- RECORDS PROVIDED -
☆ ☆ ☆

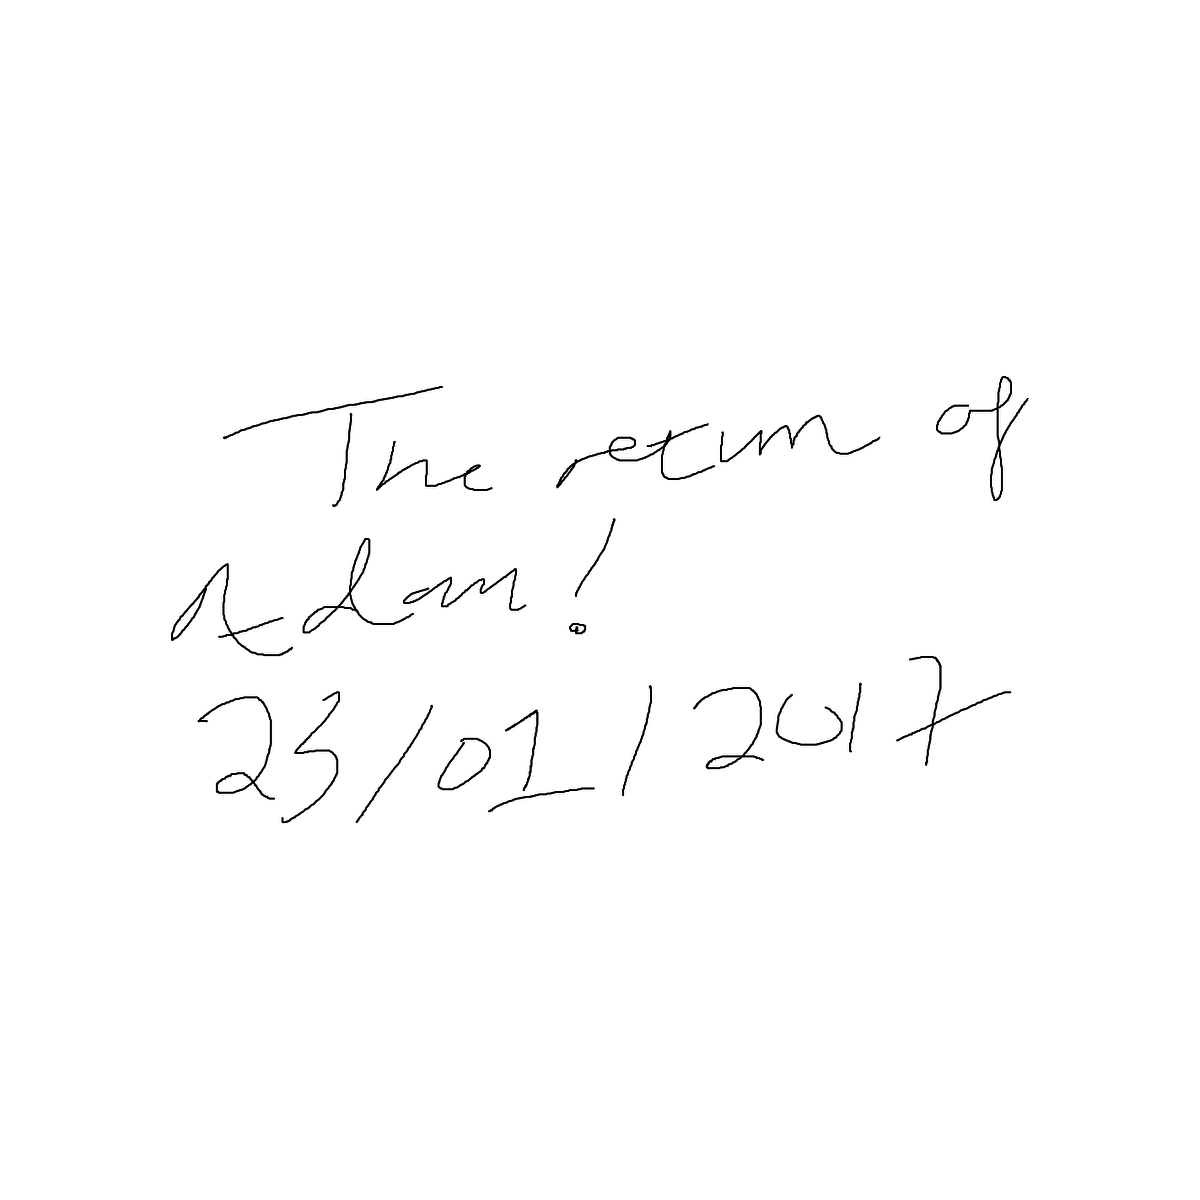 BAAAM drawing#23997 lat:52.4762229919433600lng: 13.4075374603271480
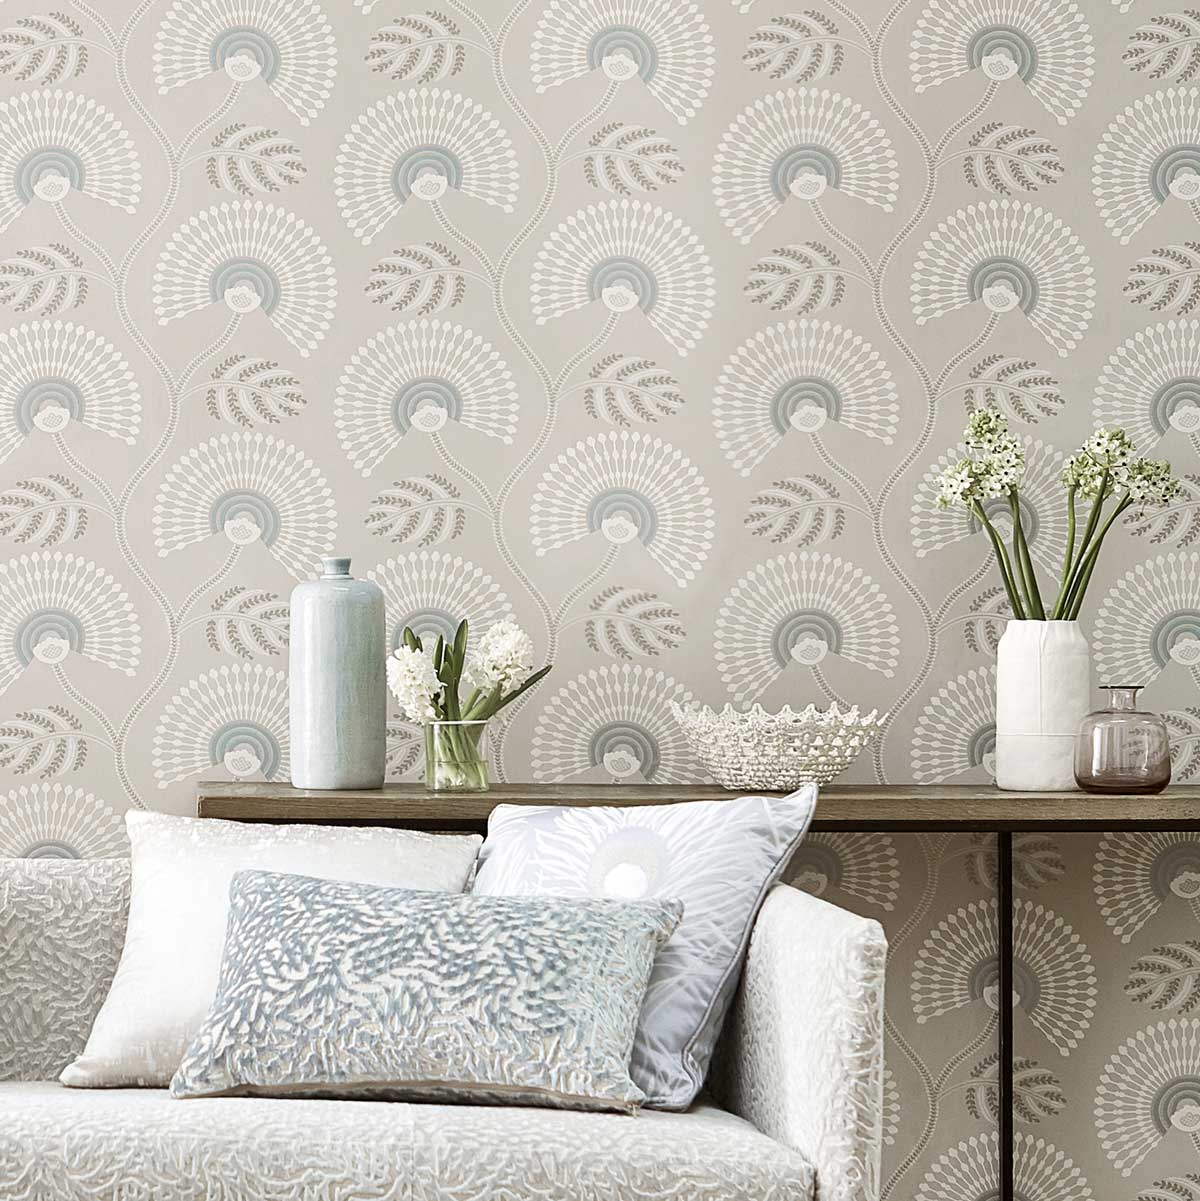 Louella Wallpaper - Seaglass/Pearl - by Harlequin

☆ ☆ ☆

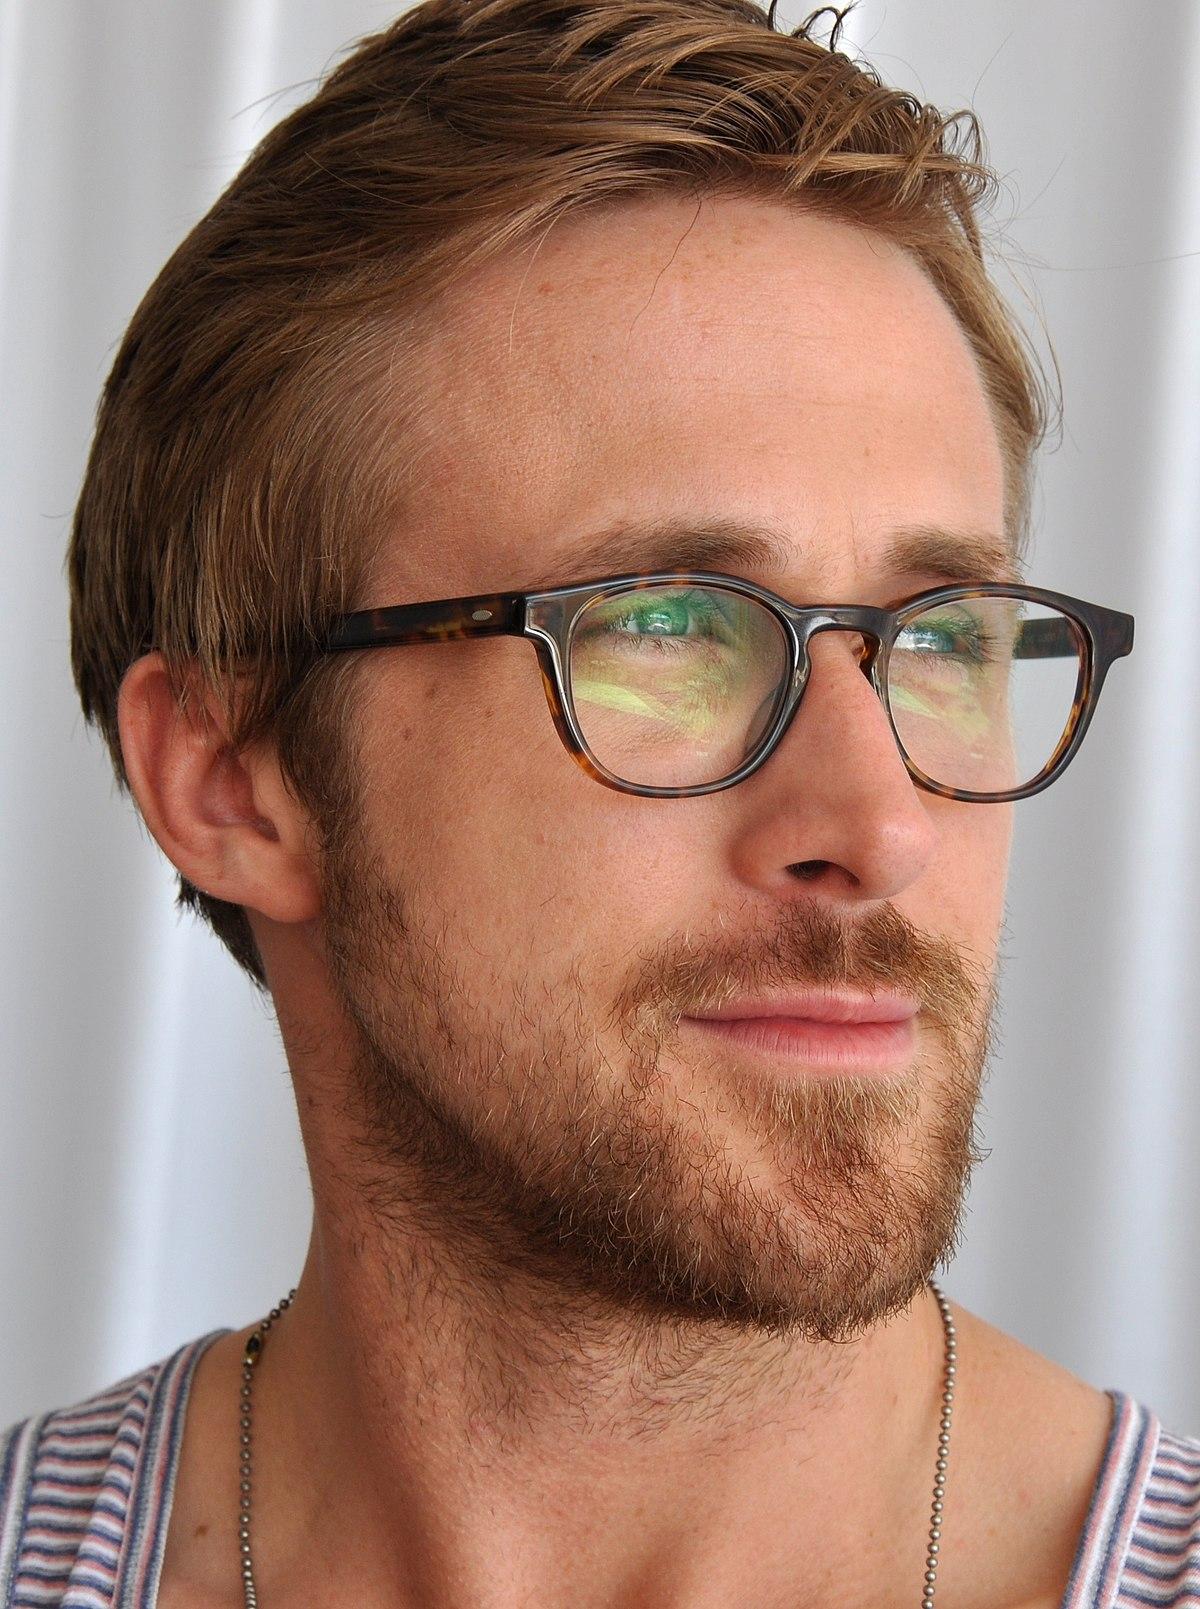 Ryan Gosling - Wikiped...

☆ ☆ ☆

- TASK DIRECTIONS -
For the entries above, print exactly the lines between the one with "drawing#23997 lat:52.4762229919433600lng: 13.4075374603271480" and the one with "Louella Wallpaper - Seaglass/Pearl", inclusive, with no pictures.

- OUTPUT OF THE TASK -
 BAAAM drawing#23997 lat:52.4762229919433600lng: 13.4075374603271480
 Louella Wallpaper - Seaglass/Pearl - by Harlequin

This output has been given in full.